Lifecycle management
Two concerns live here: resetting call history between tests, and snapshotting/restoring a mock's full state (behaviours + calls) to roll back in-test changes.
Resetting call history
Per method
mock.expect.greet.called.reset()Clears the call history for just greet. Any behaviours configured via setup stay intact.
All methods on a mock
mock.called.reset()Clears call history across every method on this mock.
Typical afterEach
afterEach(() => {
mockDb.called.reset()
mockLogger.called.reset()
})This works but doesn't scale — every new mock needs adding to the list. For that, use sandbox().
sandbox() — fan-out reset/restore
A sandbox is a scope that registers every mock created through its factories. reset() on the sandbox clears history on all of them at once; restore() clears behaviours too.
import { sandbox } from 'deride'
import type { Database, Logger } from './app'
const sb = sandbox()
const mockDb = sb.stub<Database>(['query'])
const mockLog = sb.wrap(realLogger)
const mockFetch = sb.func<typeof fetch>()
afterEach(() => sb.reset()) // clear history on all three
afterAll(() => sb.restore()) // clear history AND behavioursThe three factories
sb.stub<T>(methodNames)
sb.wrap(obj)
sb.func<F>()Each is a proxy over the top-level factory — it registers the created mock with the sandbox and otherwise behaves identically.
Sandboxes are independent
Two sandboxes never interfere:
const a = sandbox()
const b = sandbox()
const m1 = a.stub<Foo>(['x'])
const m2 = b.stub<Foo>(['x'])
m1.x()
m2.x()
a.reset() // clears m1 only
m1.expect.x.called.never() // ✓
m2.expect.x.called.once() // ✓Sandbox size
sb.size // number of mocks registered in this sandboxHandy for assertions in test utilities.
reset() vs restore()
| Method | Clears history | Clears behaviours |
|---|---|---|
sb.reset() | ✓ | — |
sb.restore() | ✓ | ✓ |
reset is for the common test-loop case (clean slate, same configured behaviours). restore is the harder wipe — useful in afterAll or when you deliberately want mocks to revert to "nothing configured".
Snapshot / restore
When you need to temporarily change a mock's state and roll back, use snapshot() / restore(snap):
mock.setup.greet.toReturn('v1')
const snap = mock.snapshot()
mock.setup.greet.toReturn('v2')
mock.greet('x') // 'v2'
mock.restore(snap)
mock.greet('x') // 'v1' (the setup at snapshot time, AND calls before snapshot)Snapshots capture both:
- The behaviour list (
.setup.*configured actions) - The call history (
.spy.*.calls)
Any changes made after snapshot() are reversed by restore(snap) — including brand-new behaviours and new calls that accumulated in history.
Nested snapshots
Snapshots stack arbitrarily:
mock.setup.greet.toReturn('A')
const snapA = mock.snapshot()
mock.setup.greet.toReturn('B')
const snapB = mock.snapshot()
mock.setup.greet.toReturn('C')
mock.restore(snapB) // back to B
mock.greet() // 'B'
mock.restore(snapA) // jump straight back to A
mock.greet() // 'A'When to reach for snapshots
- A single test needs to alter setup mid-flow, then revert (rare — usually suggest refactoring to two separate tests).
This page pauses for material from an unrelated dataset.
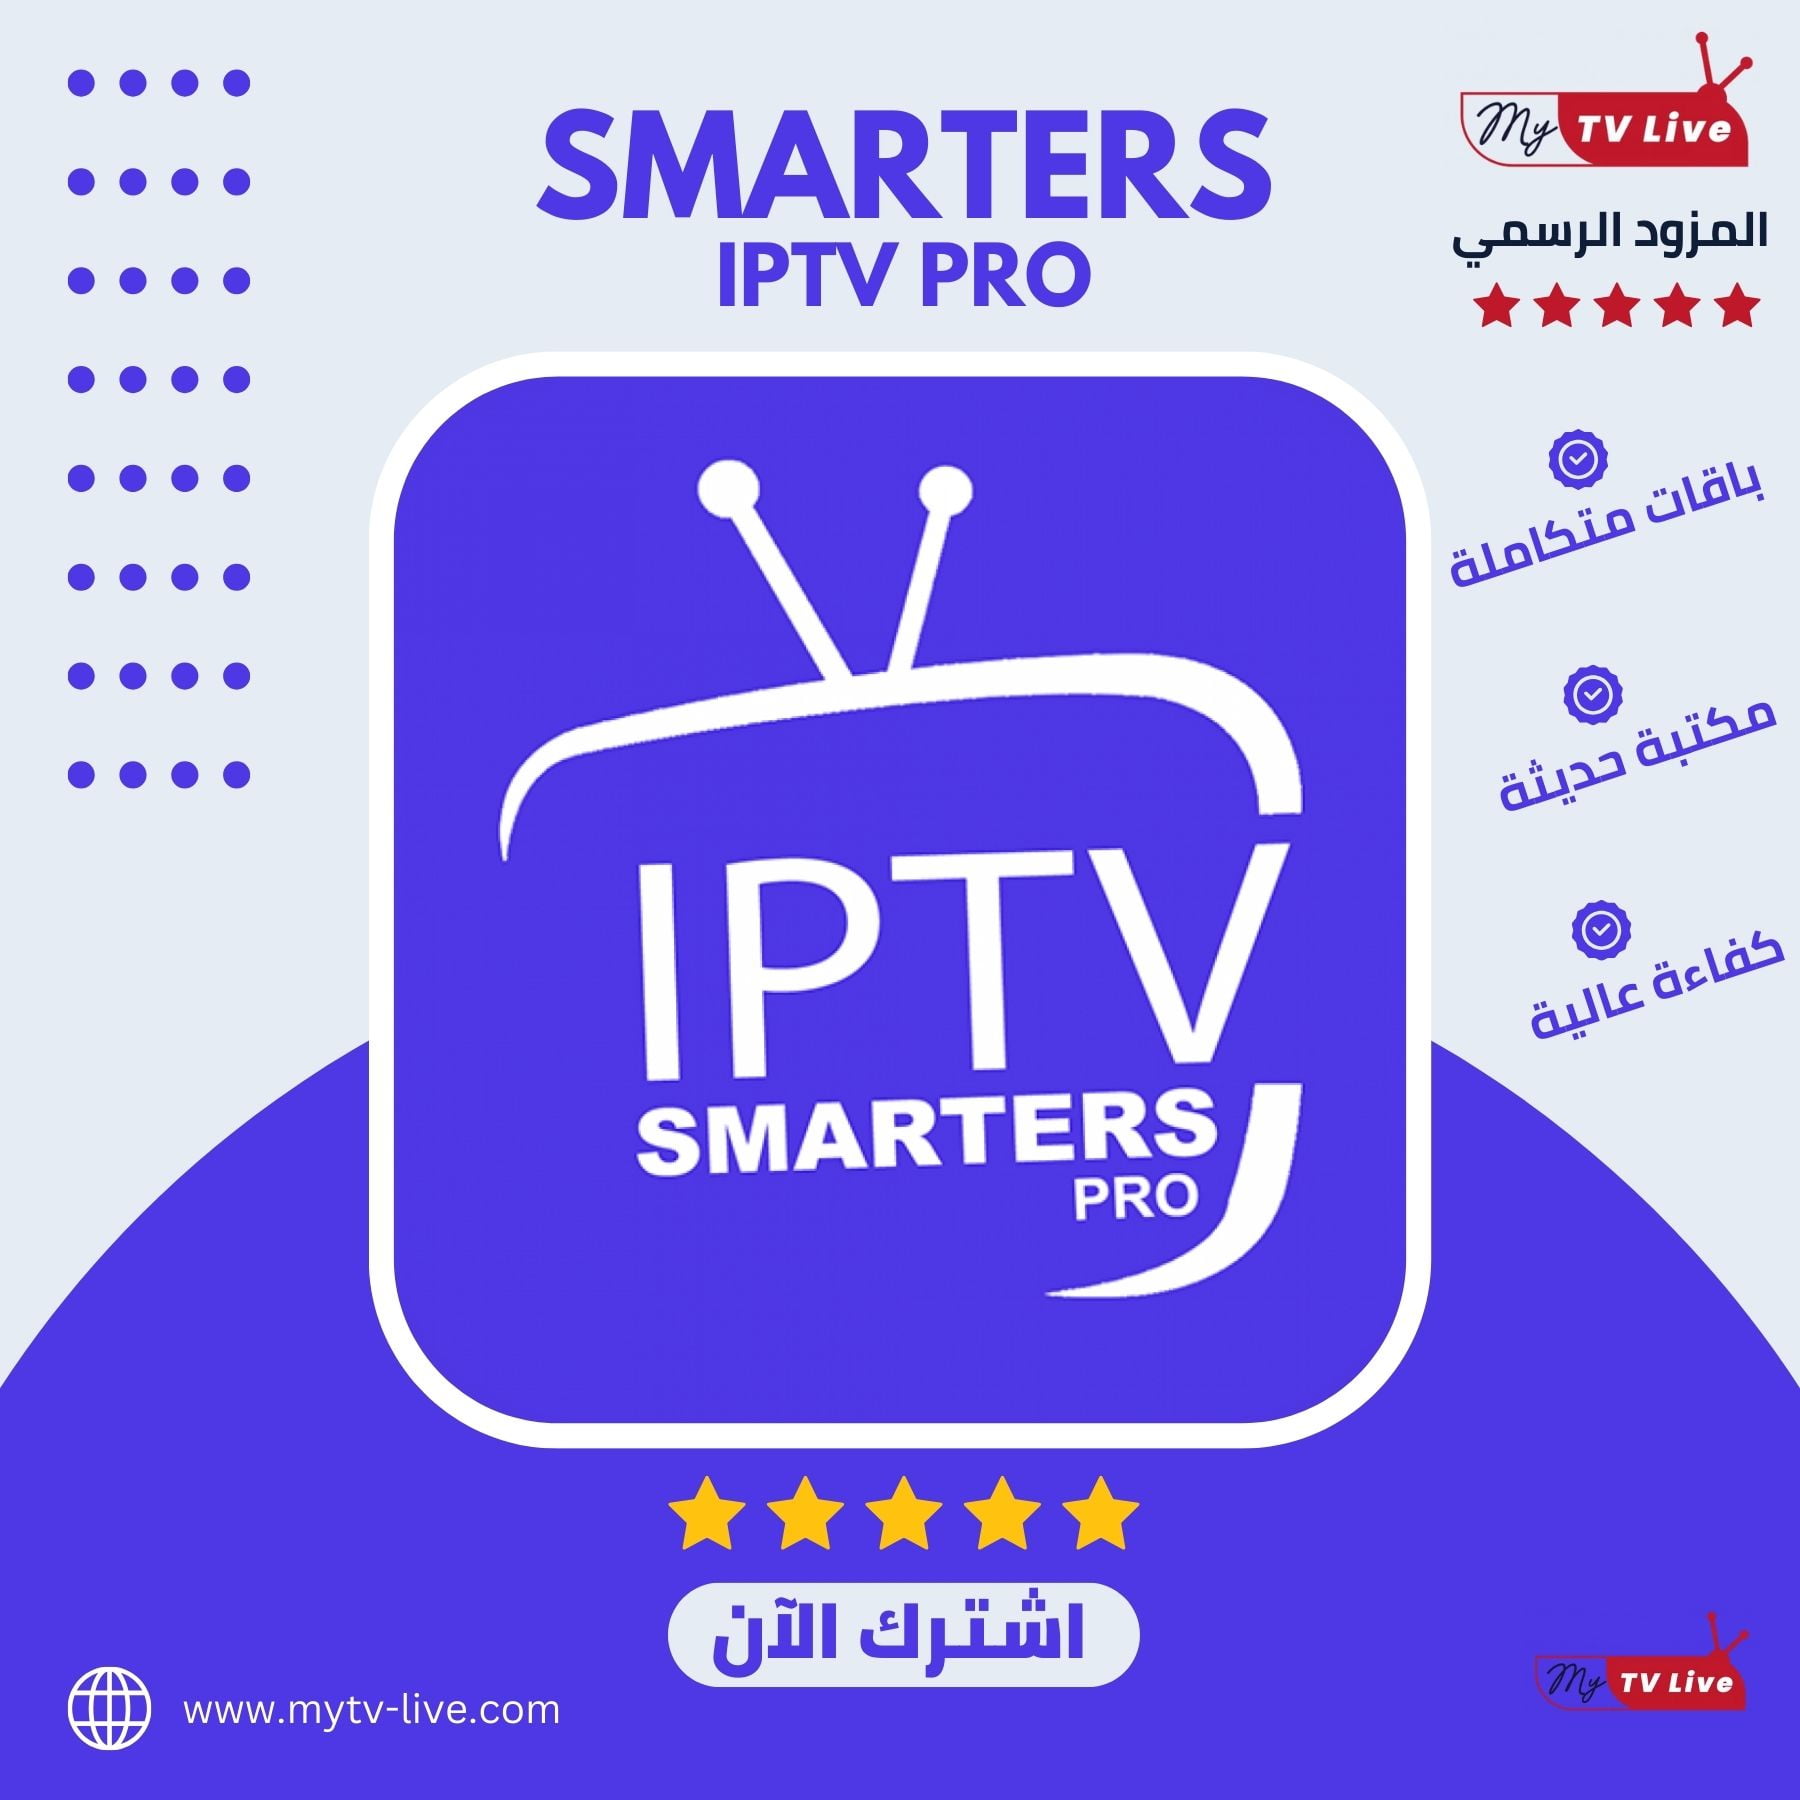 أفضل خدمة IPTV للاجهزة الاندرويد بسرعة فائقة - أفضل خدمة IPTV للاجهزة الاندرويد: اختيار الباقة

- You have a scoped helper that modifies a shared mock; snapshot before, restore at the end of the helper.
- You want a deterministic reset point that's not "fully empty" — snapshots let you mark "this is my baseline".
For run-of-the-mill test isolation, sandbox().reset() is simpler.
Implementation notes
The snapshot value is opaque — it's { __brand: 'deride.snapshot', behaviors, calls } under the hood, but the type is intentionally not introspectable so callers don't grow dependencies on its shape. Passing something that isn't a deride snapshot to restore() throws.
Putting it together
A typical test file:
import { afterEach, beforeEach, describe, it } from 'vitest'
import { sandbox } from 'deride'
import { UserService, type Database } from '../src/user-service'
const sb = sandbox()
let mockDb: Wrapped<Database>
let service: UserService
beforeEach(() => {
mockDb = sb.stub<Database>(['query', 'findById'])
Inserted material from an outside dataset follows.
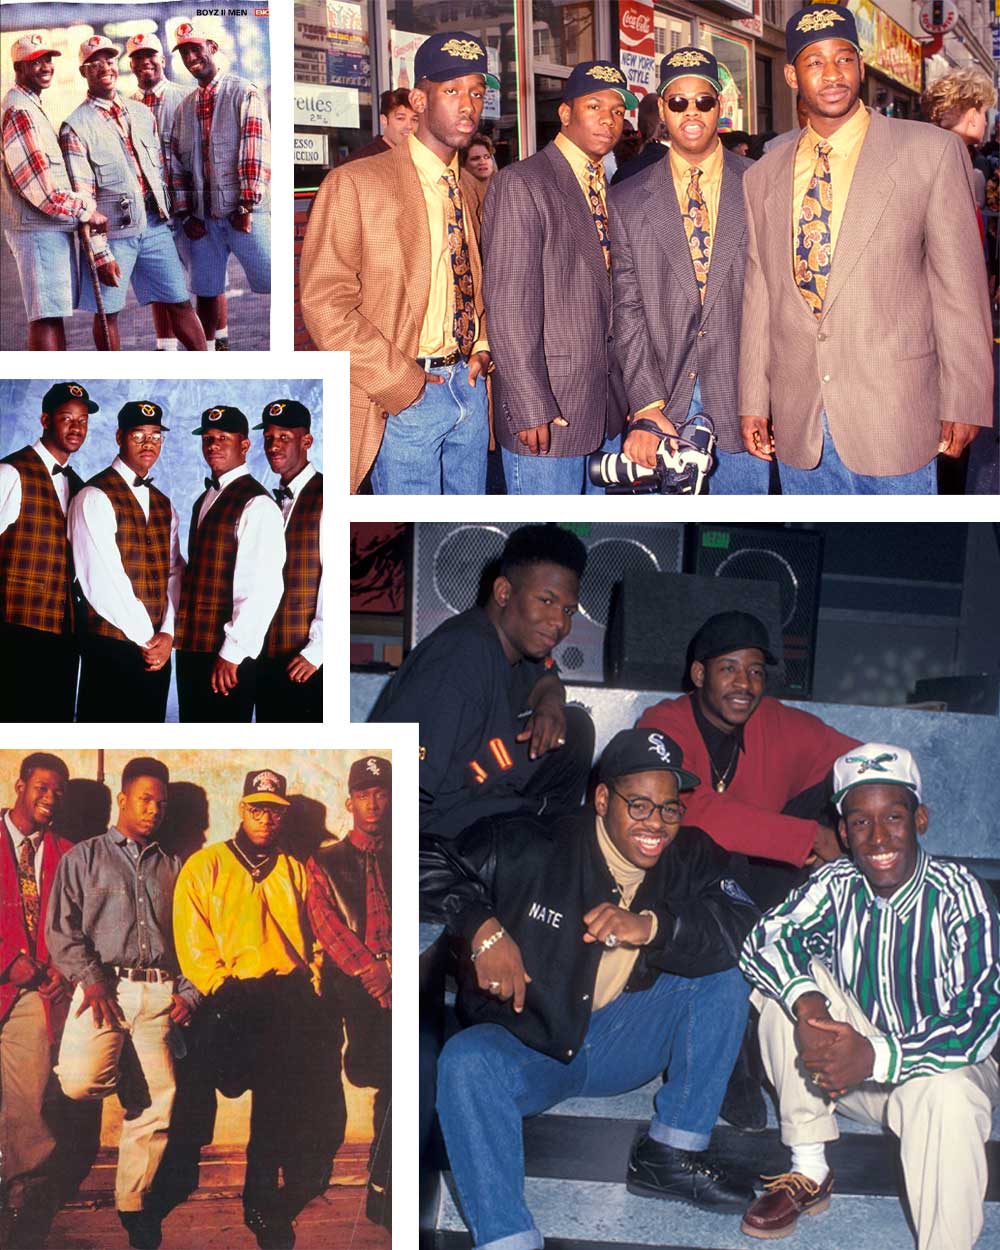 Boyz 2 Men 90s Hip-hop Preppy fashion style

service = new UserService(mockDb)
})
afterEach(() => sb.reset())
describe('UserService', () => {
it('lists users', async () => {
mockDb.setup.query.toResolveWith([{ id: 1, name: 'alice' }])
const users = await service.listActive()
mockDb.expect.query.called.once()
})
// Between tests, sb.reset() clears history — configured behaviours carry forward
// unless you set them up fresh in beforeEach (which is what this file does).